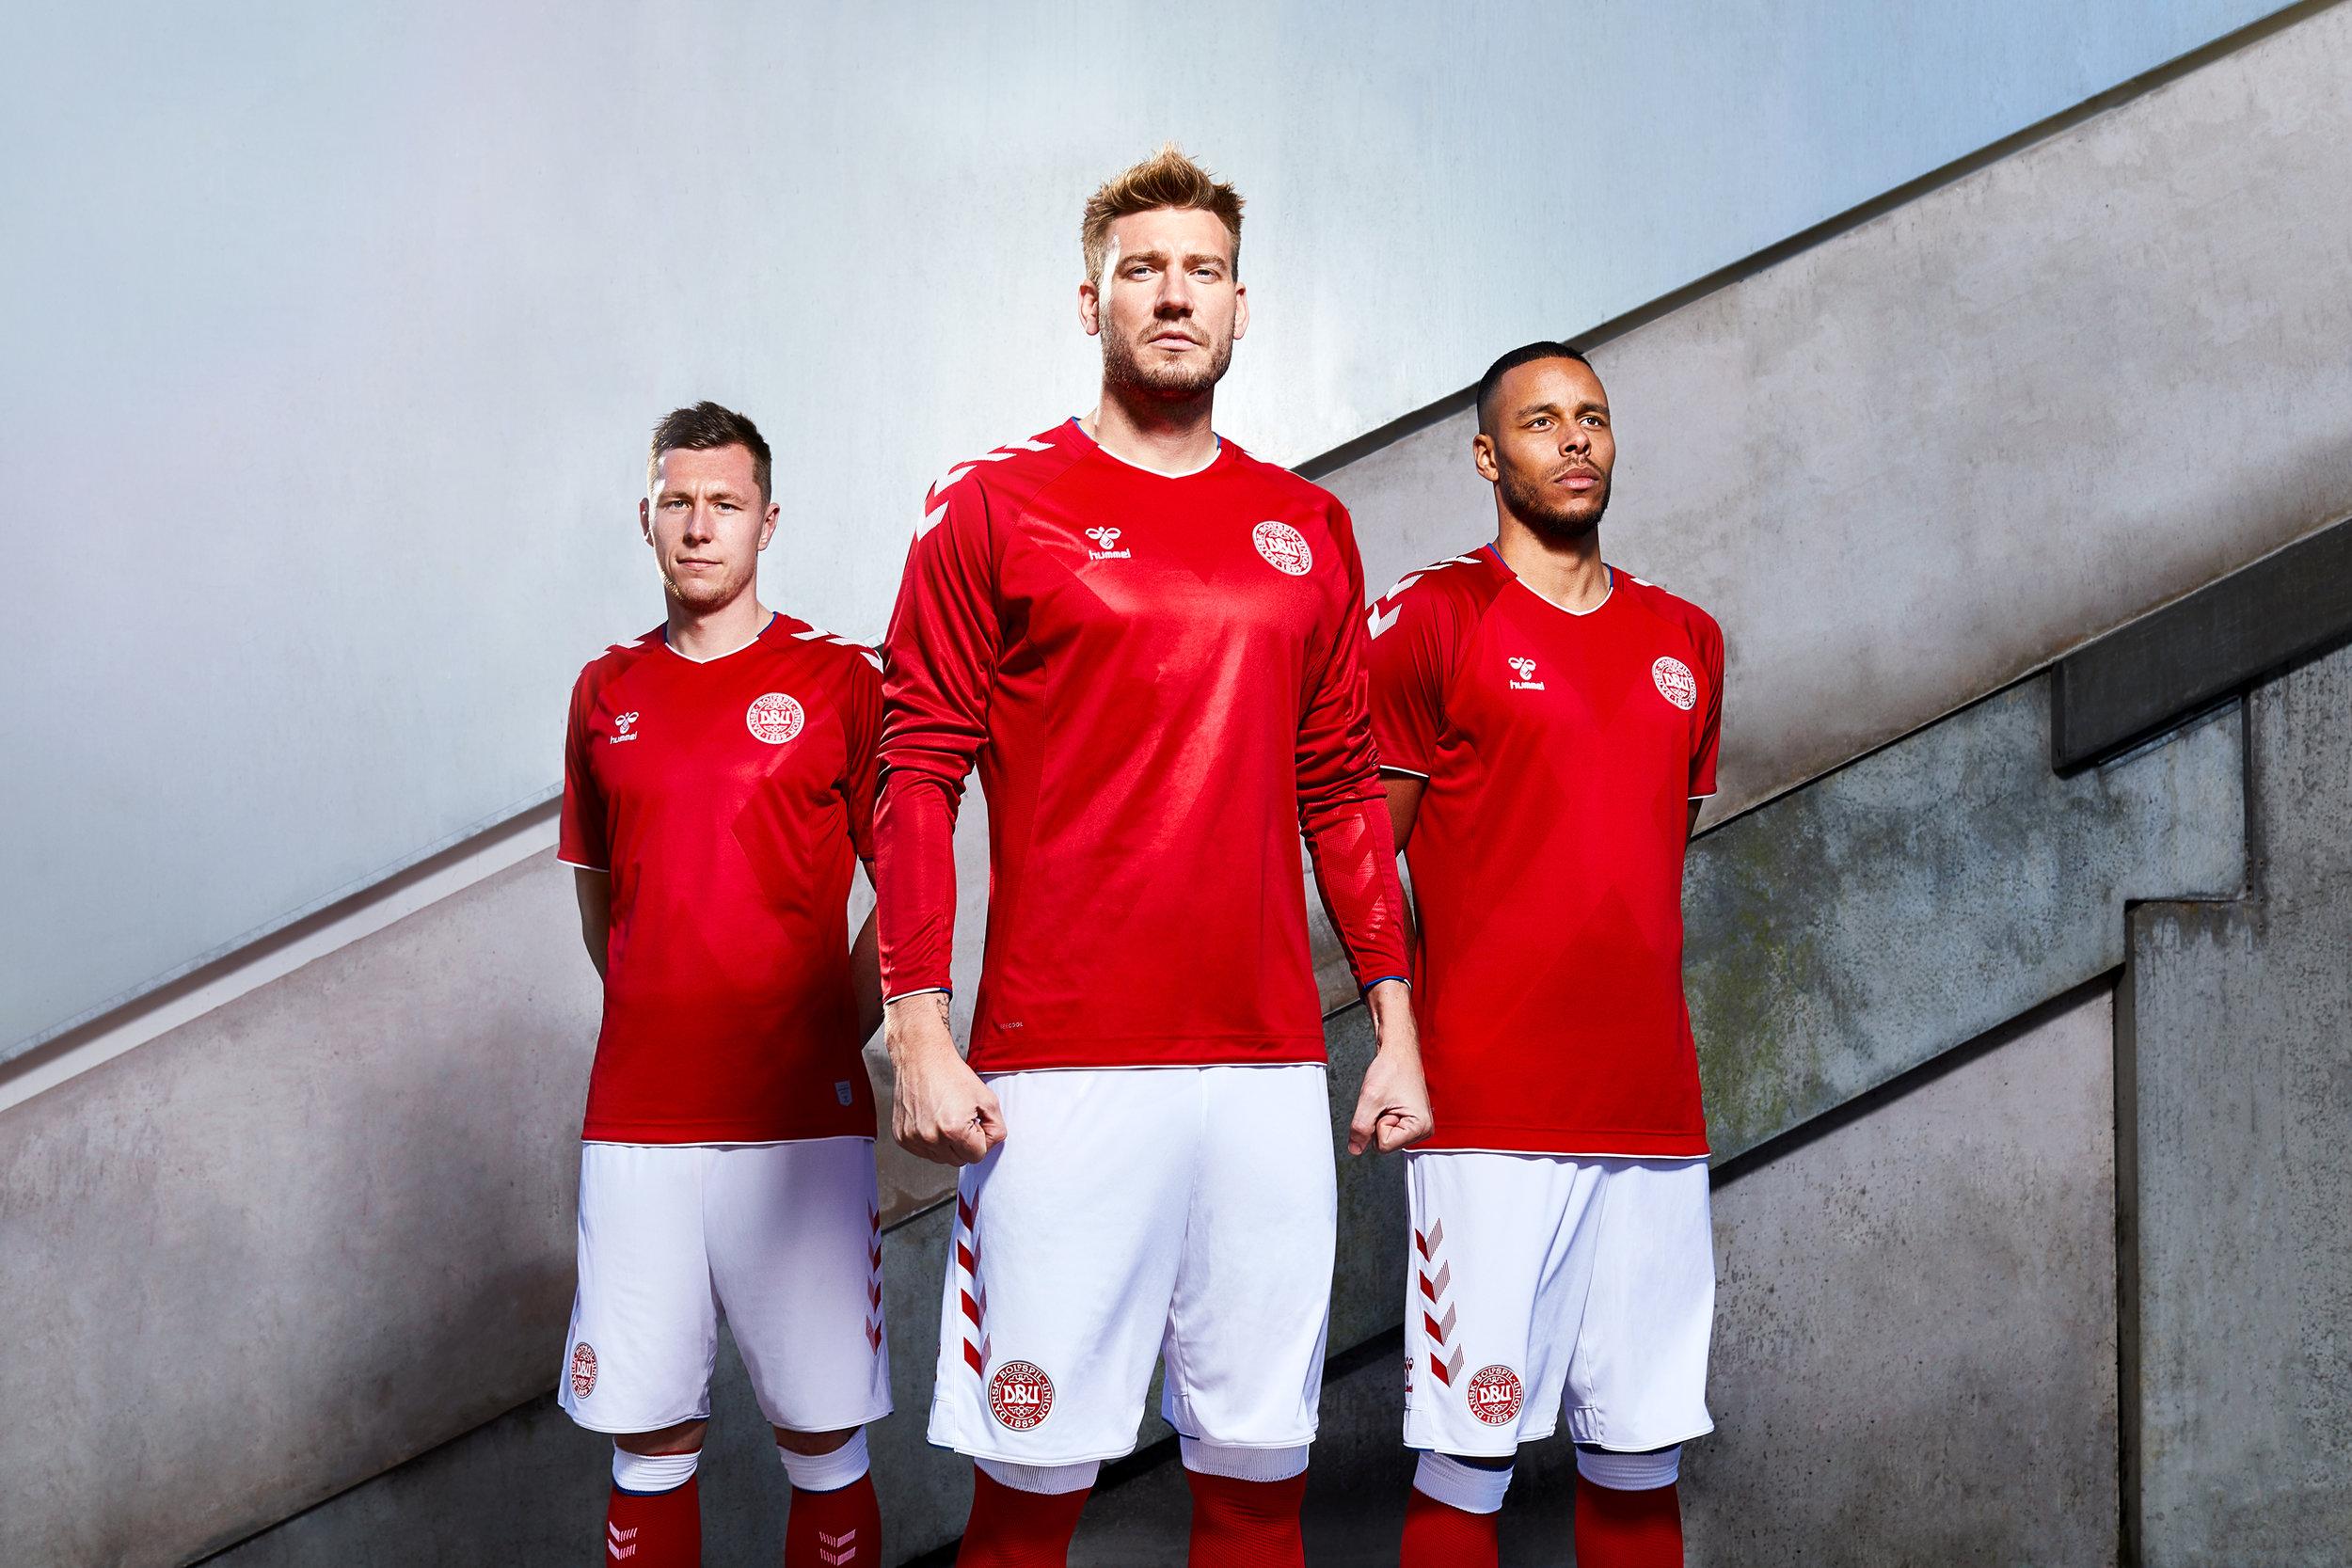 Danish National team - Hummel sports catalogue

* * *

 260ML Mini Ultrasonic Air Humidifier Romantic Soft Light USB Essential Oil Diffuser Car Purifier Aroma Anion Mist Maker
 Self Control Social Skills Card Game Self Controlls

* * *

Give back, word for word, only the lines above from the line holding "260ML Mini Ultrasonic" to the line holding "Self Control Social", both included.

*Exercise answer*
 260ML Mini Ultrasonic Air Humidifier Romantic Soft Light USB Essential Oil Diffuser Car Purifier Aroma Anion Mist Maker
 Self Control Social Skills Card Game Self Controlls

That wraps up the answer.